I thought gumming up the carb was the worst about ethanol, until I experienced the rubber and plastic hardening and cracking. I have been buying the premixed cans of gas from the hardware store. I know, I know, it's way more expensive but so easy to manage. Equipment has been running great for years.


----------



## Deadlawn (Sep 8, 2020)

gkaneko said:


> I thought gumming up the carb was the worst about ethanol, until I experienced the rubber and plastic hardening and cracking.


The worst thing about ethanol in gas is the phase separation - that is its ability to collect water and rot out your gas lines, not to mention cause hard starting if you're lucky and no starting if you're not. You will know your gas lines are rotted out when your garage or shed floor is covered with gasoline.


----------



## gmorf33 (Jul 30, 2019)

PodScot said:


> gmorf33 said:
> 
> 
> > Something like this?
> ...


So i finally got around to working on this over the weekend. I replaced the carb, primer bulb, spark plug, air filter, fuel filter & lines. Got it all buttoned up and put some fresh MotoMix gas in it. I'm still having pretty much the same issue. It'll run on full/half-choke, but dies after 1-3 seconds as soon as i put the choke to "run" position.
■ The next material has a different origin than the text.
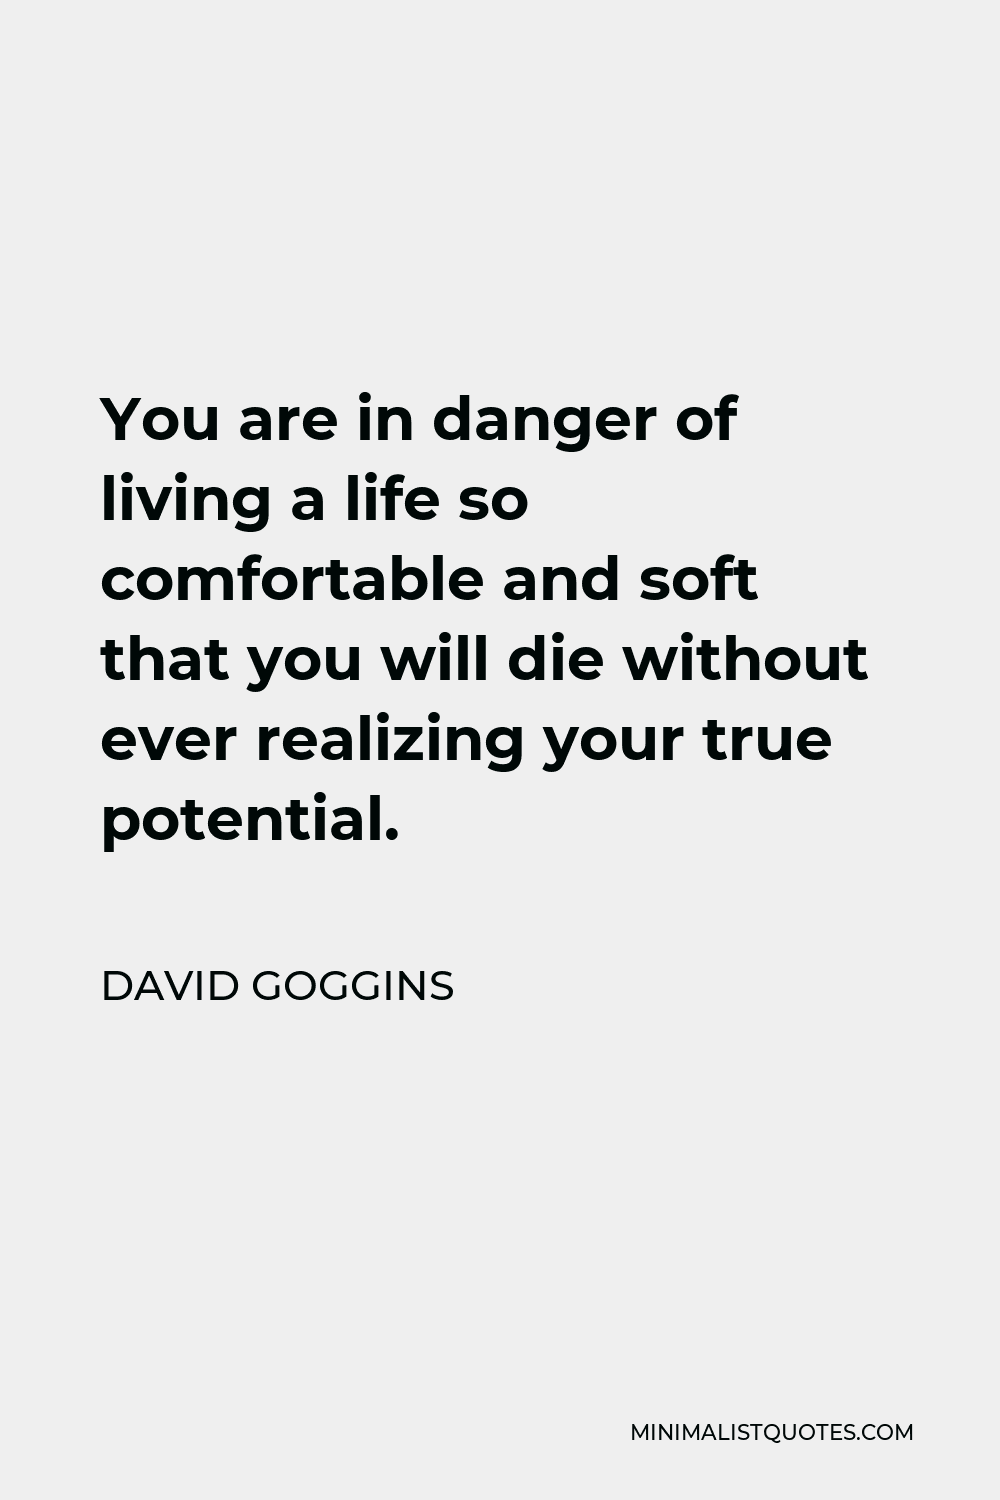 David Goggins Quote: You are in danger of living a life so comfortable and  soft that you will die without ever realizing your true potential.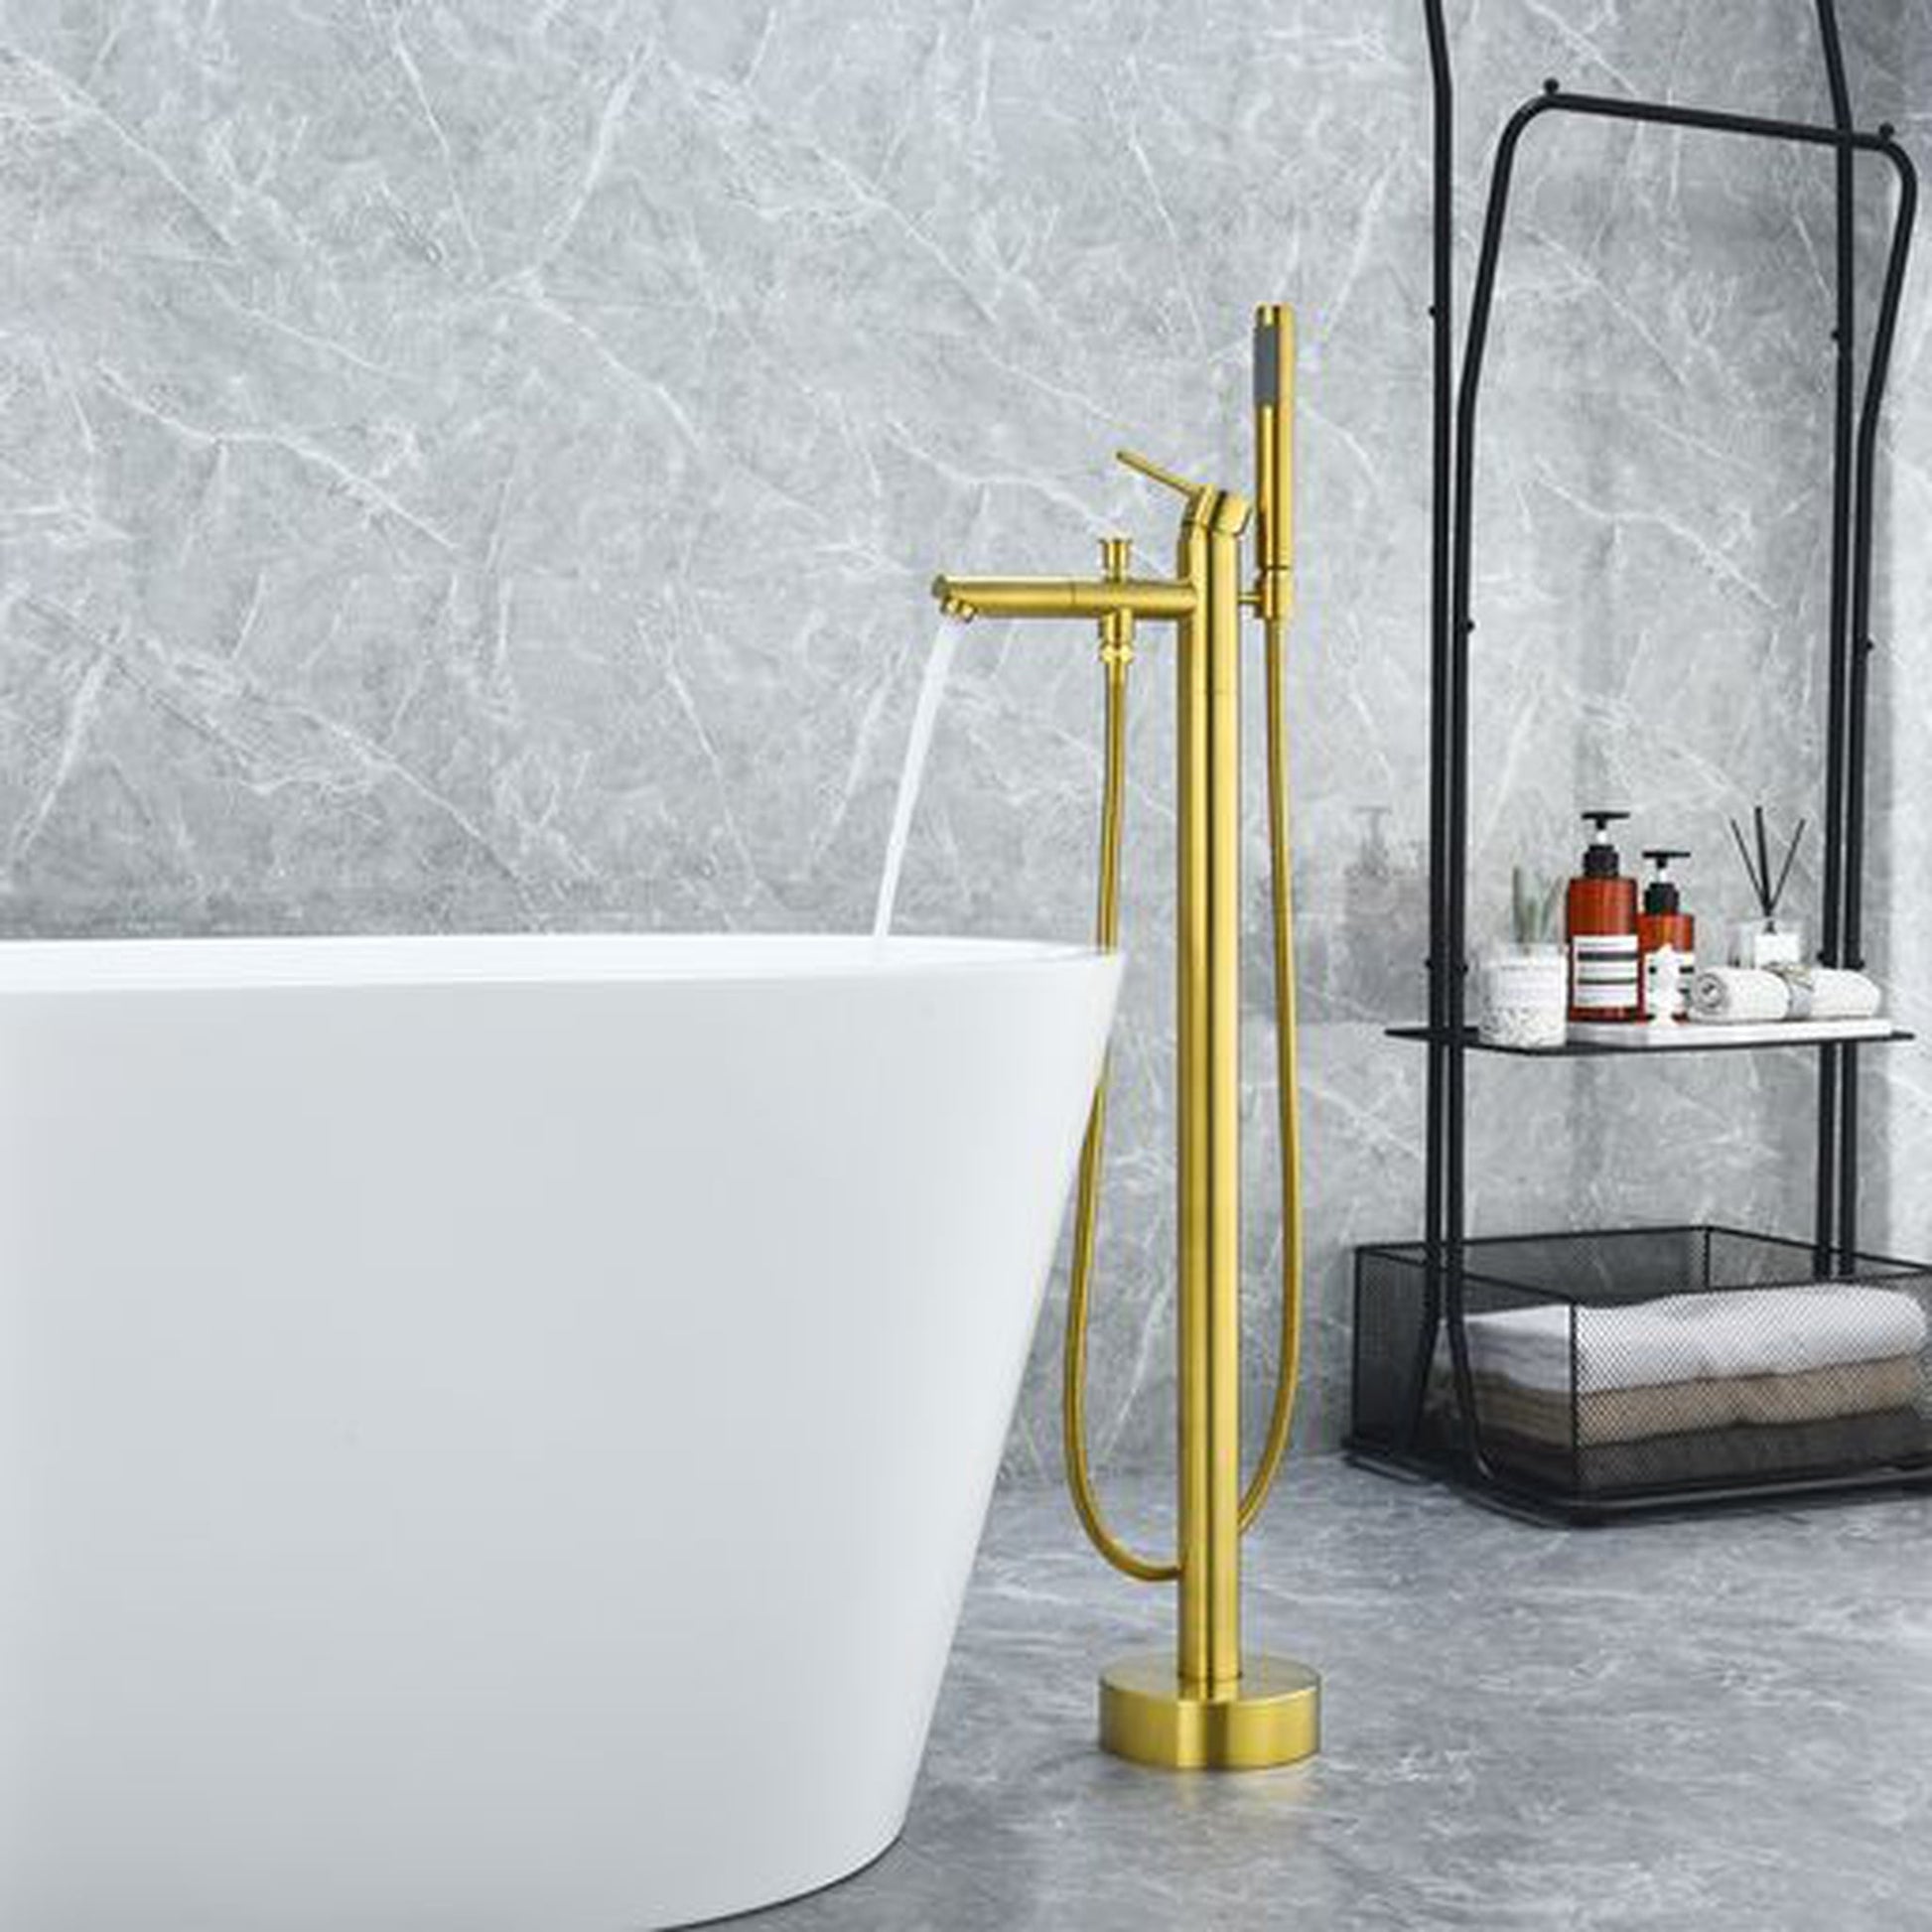 Altair Larod Brushed Gold Single Lever Handle Freestanding Bathtub Faucet With Handshower

I'm following the start instructions: Prime bulb 6-8 times, set choke to full, pull up to 4 times, set choke to half, pull up to 8 times, let run for 30 seconds, set choke to 'run'.

I can get it started on the half choke very easily and it will run for minutes without issue, but as soon as i set choke to 'run' it dies every time.

I was suspect of the gas cap, so i tried this all again but opened up the cap to allow airflow, but it's the same problem.

Since i've replaced everything outside of the engine, that leads me to think there's something wrong w/ the engine itself.. what could it be? Do these have values like a mower that might need cleaned up/adjusted? Do i need to adjust the carb? Any thoughts?


----------



## gmorf33 (Jul 30, 2019)

https://www.gardentoolexpert.com/leaf-blower-only-works-on-choke-heres-why

This seems to go through much of what i've done, but the only remaining item is adjusting the carb. I saw several articles that basically say the same thing, so i guess i'll watch Small Engine Saloon's video on that and try that. If that don't work, i'm probably trashing this blower and getting a battery powered one lol.


----------



## Deadlawn (Sep 8, 2020)

What brand of engine is in this blower?


----------



## gmorf33 (Jul 30, 2019)

Deadlawn said:


> What brand of engine is in this blower?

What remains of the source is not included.